All other properties are currently ignored. The FILELIST argument may also be a single
string.
install-program
[procedure] (install-program ID FILELIST [INFOLIST])
Similar to install-extension, but installs an executable program in the
executable path (usually /usr/local/bin).
install-script
[procedure] (install-script ID FILELIST [INFOLIST])
Similar to install-program, but additionally changes the file permissions of all
files in FILELIST to executable (for installing shell-scripts).
run
[syntax] (run FORM ...)
Runs the shell command FORM, which is wrapped in an implicit quasiquote.

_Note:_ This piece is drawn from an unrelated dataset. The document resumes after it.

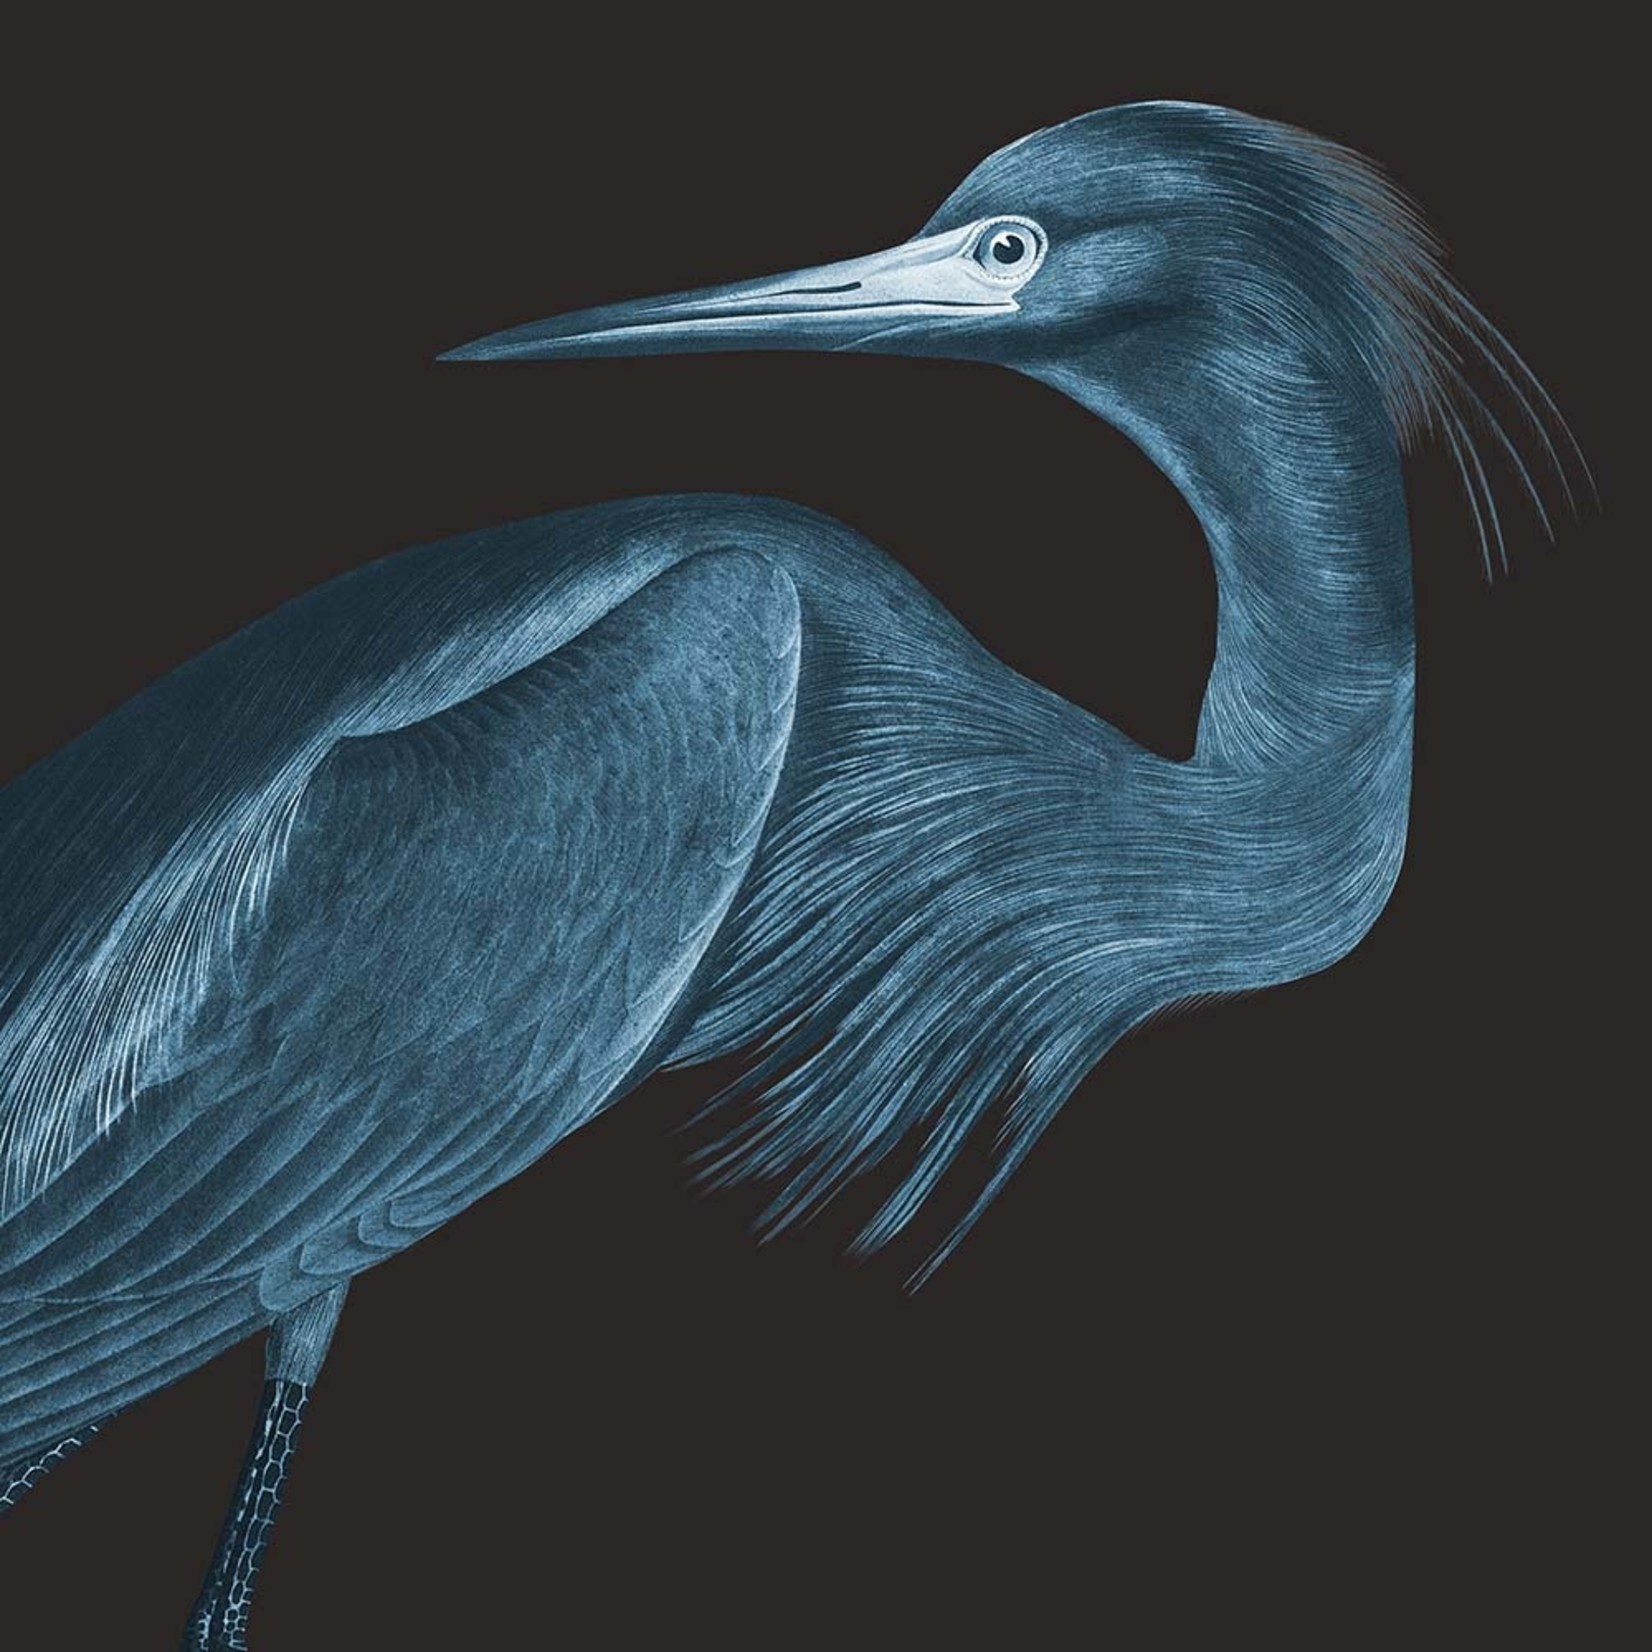 Fine Art Print on Rag Paper Blue Crane (Black Background) by John James Audubon

(run (csc ...)) is treated specially and passes -v (if -verbose has been given
to chicken-install) and -feature compiling-extension options to the compiler.
compile
[syntax] (compile FORM ...)
Equivalent to (run (csc FORM ...)).
make
[syntax] (make ((TARGET (DEPENDENT ...) COMMAND ...) ...) ARGUMENTS)
A make macro that executes the expressions COMMAND ..., when any of the dependents
DEPENDENT ... have changed, to build TARGET. This is the same as the make
extension, which is available separately. For more information, see
make.
patch
[procedure] (patch WHICH REGEX SUBST)
Replaces all occurrences of the regular expression REGEX with the string SUBST,
in the file given in WHICH. If WHICH is a string, the file will be patched and
overwritten. If WHICH is a list of the form OLD NEW, then a different file named
NEW will be generated.
copy-file
[procedure] (copy-file FROM TO)
Copies the file or directory (recursively) given in the string FROM to the destination
file or directory TO.
move-file
[procedure] (move-file FROM TO)
Moves the file or directory (recursively) given in the string FROM to the destination
file or directory TO.
remove-file*
[procedure] (remove-file* PATH)
Removes the file or directory given in the string PATH.
find-library
[procedure] (find-library NAME PROC)
Returns #t if the library named libNAME.[a|so] (unix) or NAME.lib (windows)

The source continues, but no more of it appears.